In Hafezi v MNR, 27 Tax ABC 18; 61 DTC 357, an action was brought for $2,500 for work done and for damages of $25,000, and it was settled at $6,100, and agreed that $2,000 was income, and after legal expenses there was in question $2,124. It was held that the sum of $2,124 was capital as this amount represented damages for the deprivation of an enduring right being destroyed, and no part was remuneration for past services. In the case at Bar there has been no action brought and no discharge, nor was there any deprivation of an enduring right of the appellant being destroyed.
In Hely-Hutchinson v Bray head Ltd and Another, [1967] QB 549, the action deals with ostensible or apparent authority of a director acting for the company, but that can have no application in respect to the agreement in this case (Exhibit A-4 or R-1) because the appellant was no stranger to the holding company, being a director of the holding company, and he knew that no directors meeting had been called.
2. The appellant also contends that the sum of $30,000 was paid as a consideration for the surrender of shares. Shares were not mentioned in the agreement (Exhibit R-3) and the values exchanged were the $30,000 to be paid by the company against the resignation of the appellant as director, officer, and employee of any of the said companies (Exhibit R-3), and perhaps the release (para 6, Exhibit R-3). Further the shares were qualifying shares; therefore, once the office held by the appellant had ceased, the shares were held in trust for another person, the real owner. Hence, the companies need not deal with such shares.

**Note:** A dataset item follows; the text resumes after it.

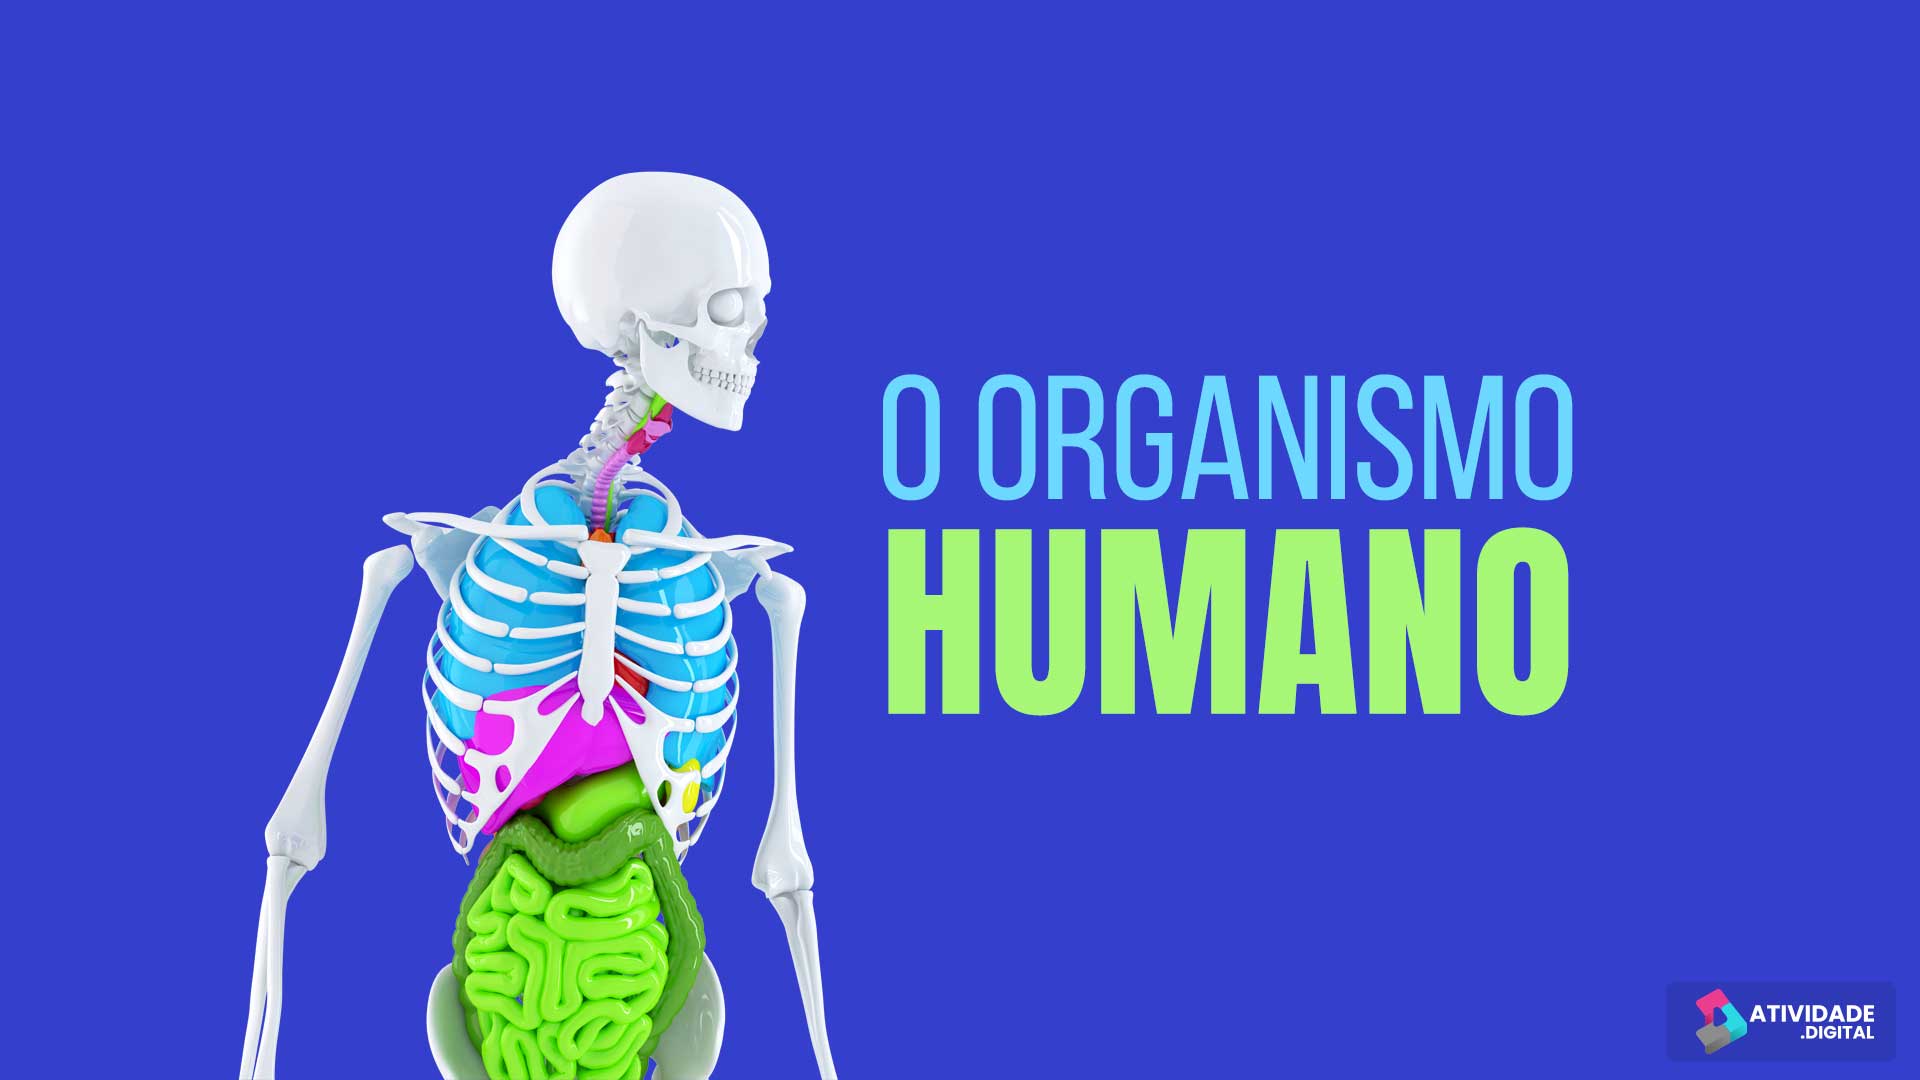 O organismo humano

Evidence of Alys Little testifies that there were qualifying shares to be returned and that they did not belong to the appellant. The son, William R Little, testified that they were qualifying shares, and that the appellant paid nothing for them.
In any event, the cases cited by the appellant do not support his contention. In Harvard & Wilson Street Realty Co Ltd v MNR, 33 Tax ABC 199; 63 DTC 769, it was contended that the company had in fact received $220,000 for a parcel of land, and the price of $180,000 recited in the deed was alleged to be false, and a fraud on the income tax. There is no suggestion here that there was any such falsity in preparing the agreement in question (Exhibit R-3), and in any event the case cited held that the evidence did not establish the falsity of the price recited in the deed.
In Van Hummell v International Guarantee Company, [1913] 10 DLR 306, the case deals with a promoter rendering his services before the company was formed, and therefore it was held that the company was not liable. There is no suggestion that these companies mentioned as parties in the agreement (Exhibit R-3) were not in existence.
Sloan and Holt v Margolian, Sidler and Margolian’s (Truro) Ltd (1957), 8 DLR (2d) 115, was a shareholder’s class action to set aside a director’s resolution appointing a managing director and it was held that the company should be a party. This is a mere limitation of the equitable remedy for class actions, and has nothing to do with the present case.
The onus is on the appellant (Johnston v MNR, [1948] SCR 486: [1948] CTC 195; 48 DTC 1182; and Dezura v MNR, [1948] Ex CR 10; [1947] CTC 375; 48 DTC 1101). This appellant has not established any grounds of error by the Tax Appeal Board; therefore, the appeal is dismissed with costs payable by the appellant. As there is no counterclaim to change the judgment of the Tax Appeal Board, that judgment will stand.